Metadata collections can also be extended to specific (custom) application configurations and behavior. Data Palette allows Rule Sets to be applied to incoming collections to identify and respond to maintenance events and service level violations in real-time making the cloud autonomic (in terms of self-configuring and self-healing attributes), with detailed resource metering and administrative dashboards.

Data Palette’s abstraction capabilities also extends to the user interface wherein specific groups of cloud administrators and users are maintained via multi-tenancy (called Organizations), Smart Groups™ (dynamic groupings of assets and resources), and role based access control.

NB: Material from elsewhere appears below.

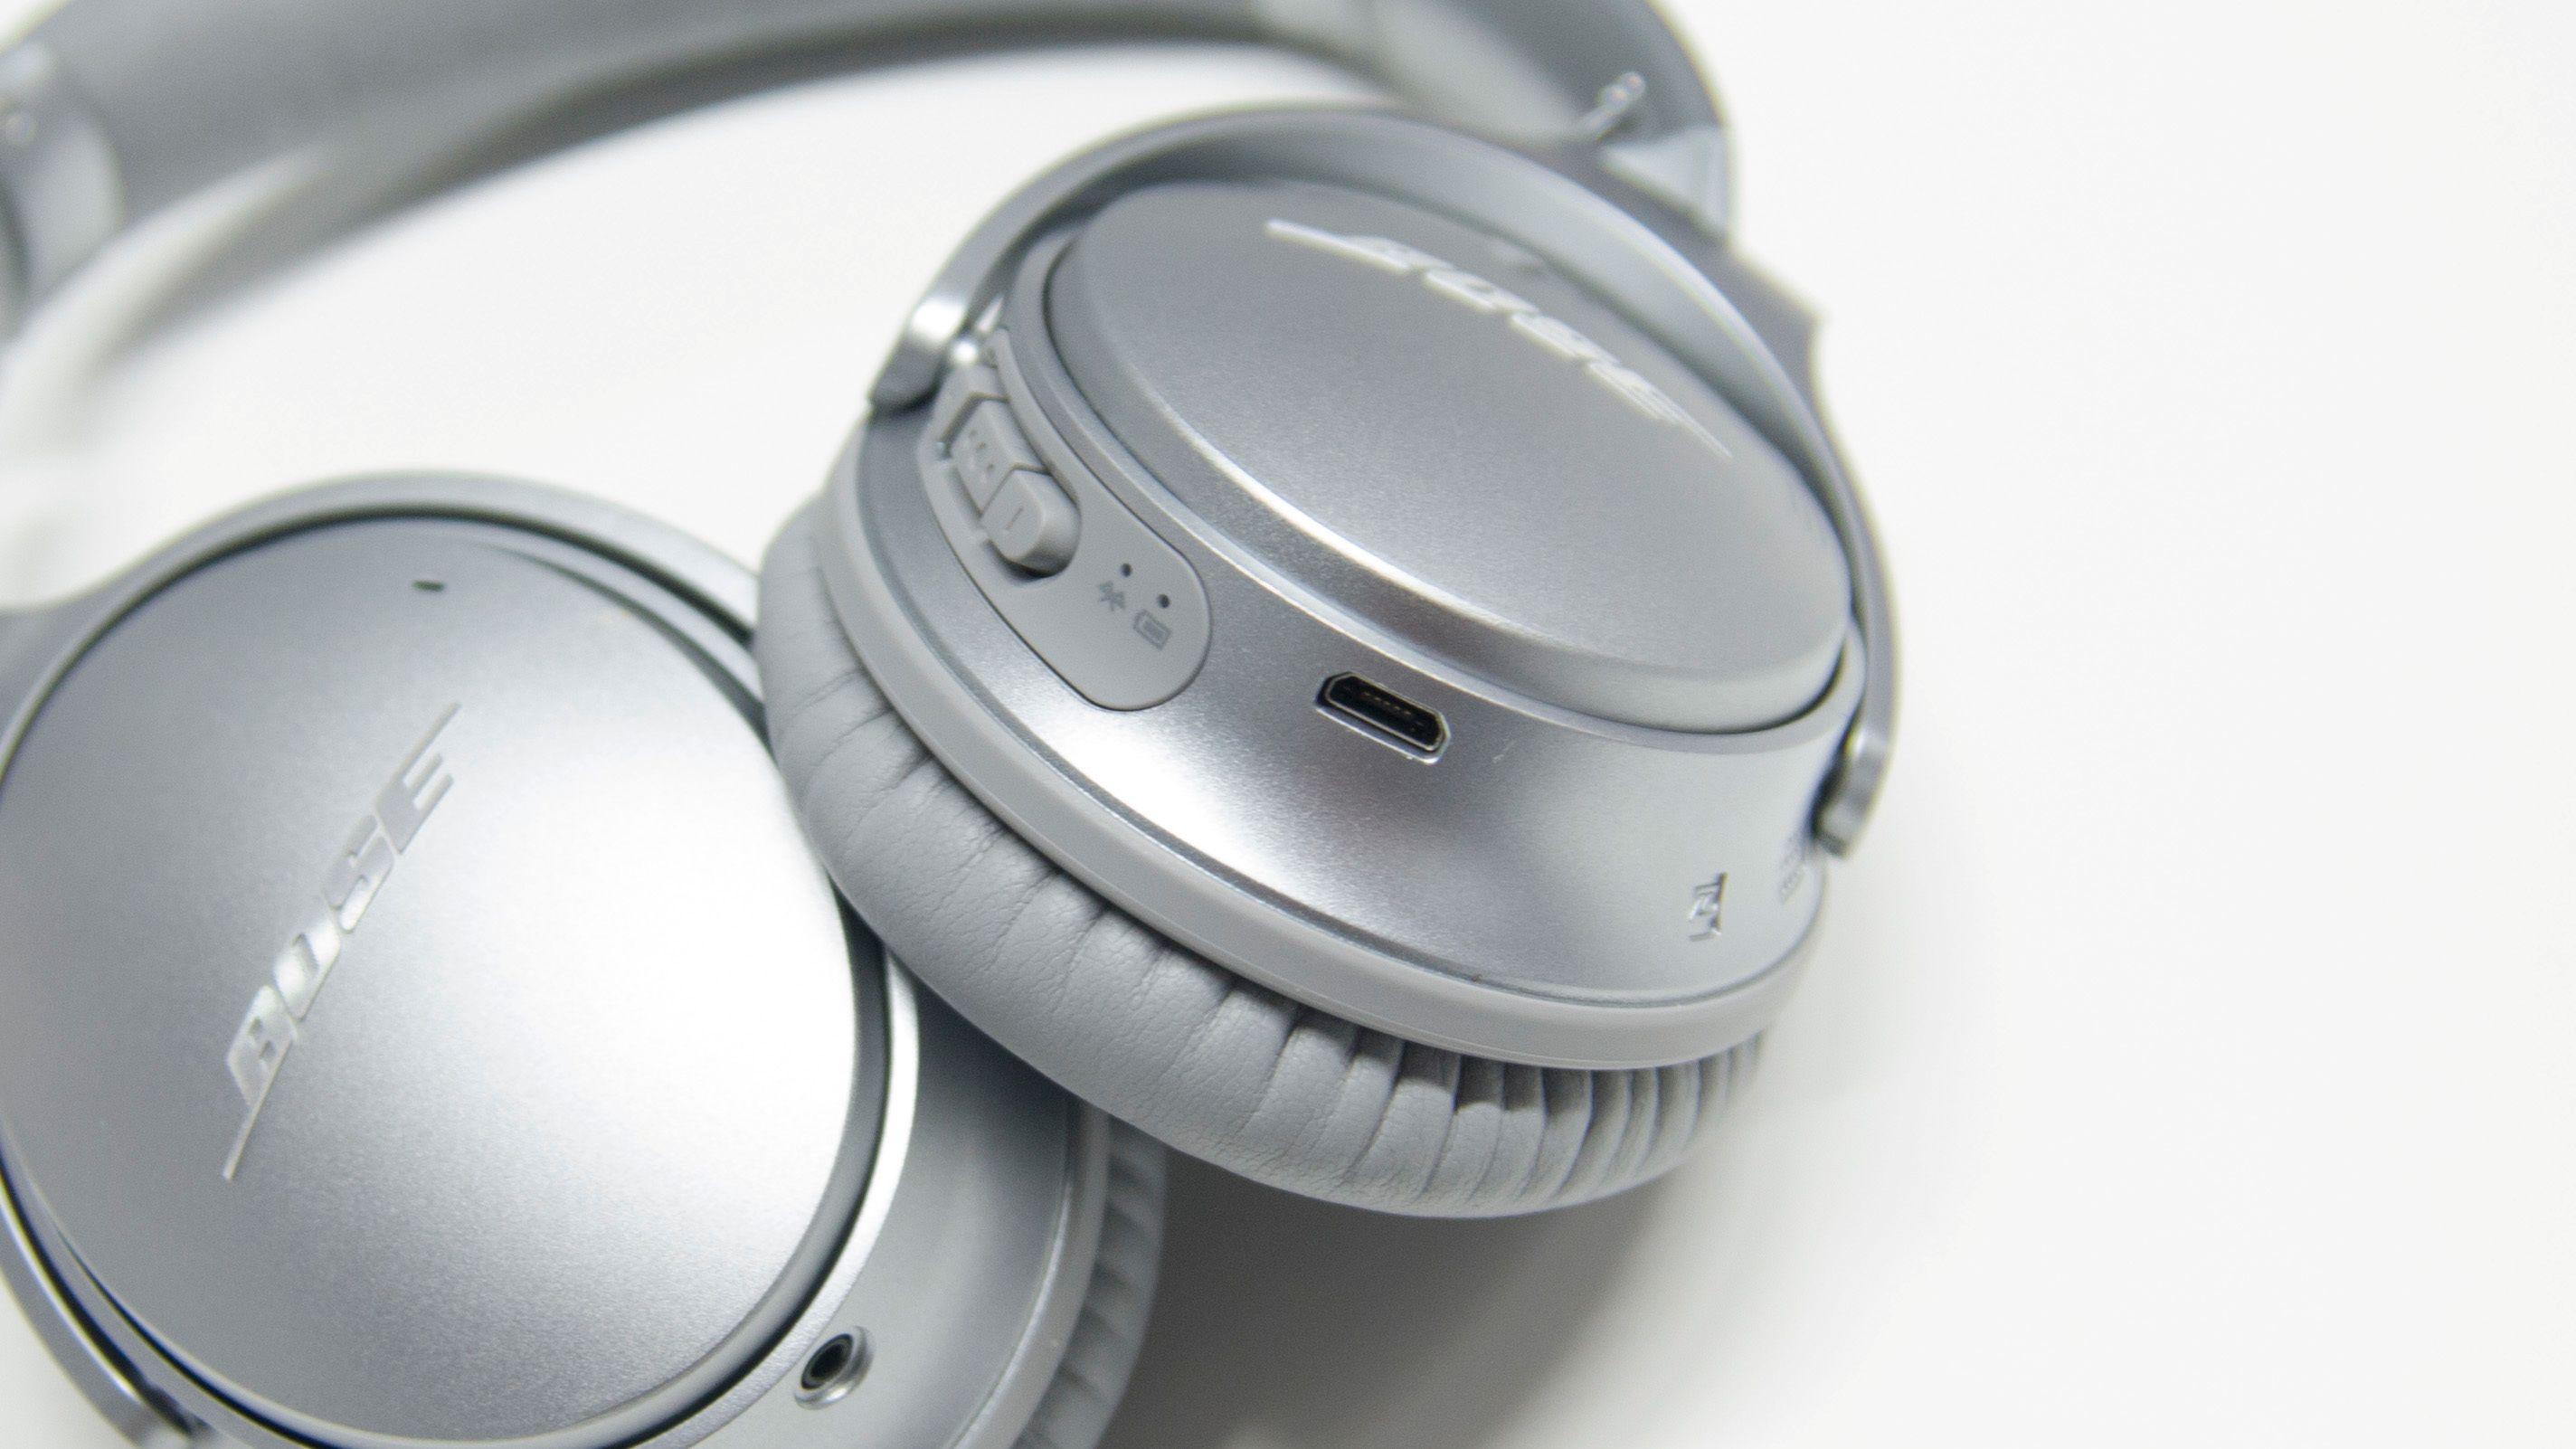 Nå får toppmodellene til Bose og Sony en helt ny funksjon

Optionally tie in access to public clouds for Cloud Bursting, Cloud Covering or backup/archival purposes
Now that you are familiar with the majority of the ingredients for a private cloud rollout, the last item worth considering is whether to extend the cloud management layer’s set of integrations to tie into a public cloud provider – such as GoGrid, Flexiscale or Amazon EC2. Based on specific application profiles, you may be able to use a public cloud for Cloud Bursting (i.e., selectively leveraging a public cloud during peak usage) and/or Cloud Covering (i.e., automating failover to a public cloud). If you are not comfortable with the notion of a full service public cloud, you can consider a public sub-cloud (for specific application silos e.g., “storage only”) such as Nirvanix or EMC Atmos for storing backups in semi-online mode (disk space offered by many of the vendors in this space is relatively cheap – typically 20 cents per GB per month). Most public cloud providers offer an extensive API set that the internal cloud management layer can easily tap into (e.g., check out In fact, depending on your internal cloud ingredients, you can take the notion of Cloud Covering to the next level and swap applications running on the internal cloud to the external cloud and back (kind of an inter-cloud VMotion operation, for those of you who are familiar with VMware’s handy VMotion feature). All it takes is an active account (with a credit card) with one of these providers to ensure that your internal cloud has a pre-set path for dynamic growth when required – a nice insurance policy to have for any production application – assuming the application’s infrastructure and security requirements are compatible with that public cloud.


Shekhar said...

I get self service. But how does self configuring and self-healing play into the cloud offering? Our internal initiative doesn't have htem in scope. Is that something to revisit?

Anonymous said...

Can you post a better / larger image of the requirements table? Its barely visible :(

Venkat Devraj said...

Many organizations that are starting private cloud initiatives only consider self-service and automated provisioning. However a cloud architecture goes beyond simple provisioning / de-provisioning. It needs to span the entire asset lifecycle - including post-provisioning activities such as compliance, maintenance, incident management and service request management. Self-healing comes into the picture when dealing with incidents and problems. Self-configuring is an area to be addressed when new assets (compute, storage, databases, applications) are plugged into the mix.

Without including self-configuring and self-healing in the overall scope, you are limiting the ROI from your cloud deployment.